_What is being asked:_
An identical copy of all the entries is the required result.

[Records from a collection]
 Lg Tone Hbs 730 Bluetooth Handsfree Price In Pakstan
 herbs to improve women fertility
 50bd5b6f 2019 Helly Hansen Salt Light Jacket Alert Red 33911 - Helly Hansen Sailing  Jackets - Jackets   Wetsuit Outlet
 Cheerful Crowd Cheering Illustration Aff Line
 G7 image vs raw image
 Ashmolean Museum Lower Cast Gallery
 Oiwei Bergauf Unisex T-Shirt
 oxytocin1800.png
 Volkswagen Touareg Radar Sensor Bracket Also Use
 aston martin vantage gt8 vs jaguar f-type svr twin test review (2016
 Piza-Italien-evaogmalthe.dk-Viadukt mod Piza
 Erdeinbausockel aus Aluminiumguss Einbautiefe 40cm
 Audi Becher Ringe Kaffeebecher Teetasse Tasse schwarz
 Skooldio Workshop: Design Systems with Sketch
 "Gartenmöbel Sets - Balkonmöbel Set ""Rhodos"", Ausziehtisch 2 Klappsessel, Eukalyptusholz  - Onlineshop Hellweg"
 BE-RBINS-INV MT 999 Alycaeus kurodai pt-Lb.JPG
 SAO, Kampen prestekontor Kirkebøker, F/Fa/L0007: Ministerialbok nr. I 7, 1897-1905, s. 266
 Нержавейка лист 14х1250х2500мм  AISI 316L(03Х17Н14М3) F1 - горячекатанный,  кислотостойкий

_Written solution:_
 Lg Tone Hbs 730 Bluetooth Handsfree Price In Pakstan
 herbs to improve women fertility
 50bd5b6f 2019 Helly Hansen Salt Light Jacket Alert Red 33911 - Helly Hansen Sailing  Jackets - Jackets   Wetsuit Outlet
 Cheerful Crowd Cheering Illustration Aff Line
 G7 image vs raw image
 Ashmolean Museum Lower Cast Gallery
 Oiwei Bergauf Unisex T-Shirt
 oxytocin1800.png
 Volkswagen Touareg Radar Sensor Bracket Also Use
 aston martin vantage gt8 vs jaguar f-type svr twin test review (2016
 Piza-Italien-evaogmalthe.dk-Viadukt mod Piza
 Erdeinbausockel aus Aluminiumguss Einbautiefe 40cm
 Audi Becher Ringe Kaffeebecher Teetasse Tasse schwarz
 Skooldio Workshop: Design Systems with Sketch
 "Gartenmöbel Sets - Balkonmöbel Set ""Rhodos"", Ausziehtisch 2 Klappsessel, Eukalyptusholz  - Onlineshop Hellweg"
 BE-RBINS-INV MT 999 Alycaeus kurodai pt-Lb.JPG
 SAO, Kampen prestekontor Kirkebøker, F/Fa/L0007: Ministerialbok nr. I 7, 1897-1905, s. 266
 Нержавейка лист 14х1250х2500мм  AISI 316L(03Х17Н14М3) F1 - горячекатанный,  кислотостойкий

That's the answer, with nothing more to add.